The Church of Saint Matthew (Italian: Chiesa di San Matteo or San Matteo al Cassaro) is a Baroque-style, Roman Catholic church of Palermo, region of Sicily, Italy. It is located in the main street of the city, the ancient Cassaro now Corso Vittorio Emanuele, in the quarter of the Loggia, about a block east of the Quattro Canti, within the historic centre of Palermo.

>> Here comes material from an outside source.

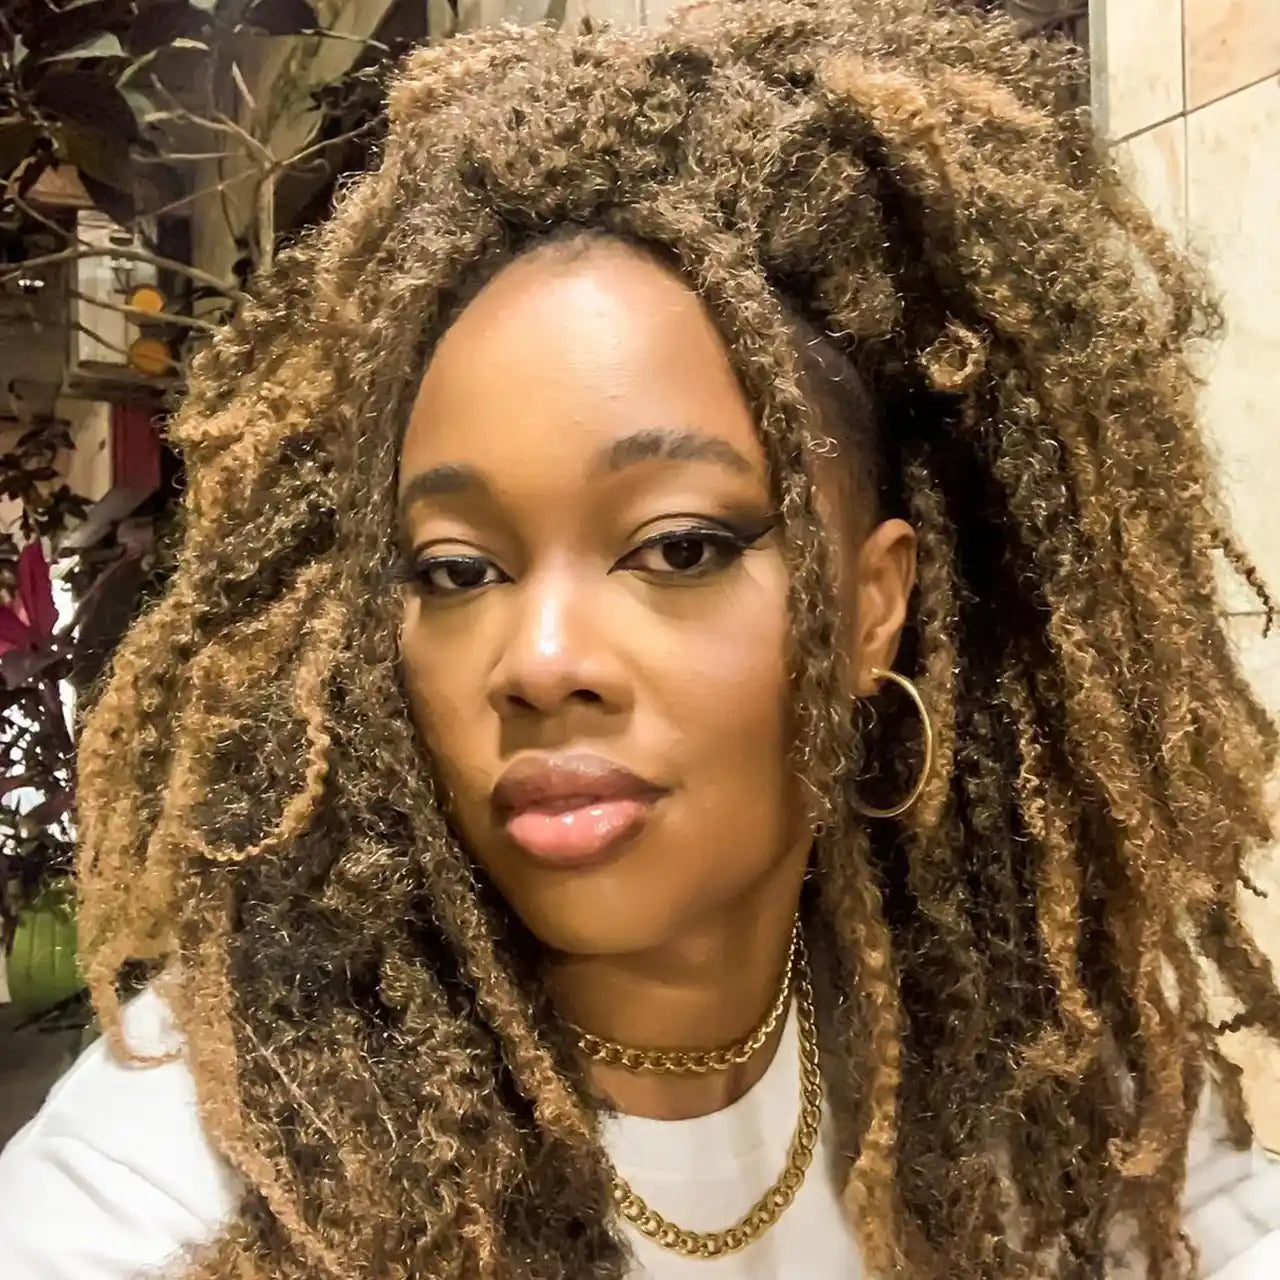  A woman with Marley hair styled in highlighted dreadlocks, wearing gold hoop earrings, a white top, and layered gold necklaces, gazing at the camera with a soft smile.

The church was built between 1633 and 1664 by the will of the Miseremini confraternity, dedicated to prayers for souls in Purgatory. The building was probably designed by the architect of the Senate of Palermo, Mariano Smiriglio, but was completed by Gaspare Guercio and Carlo D'Aprile. It is decorated with many works of important Sicilian artists like Vito D'Anna, Pietro Novelli, Giacomo Serpotta, Giuseppe Testa (painter), Bartolomeo Sanseverino, Filippo Randazzo, Antonio Manno, Francesco Sozzi.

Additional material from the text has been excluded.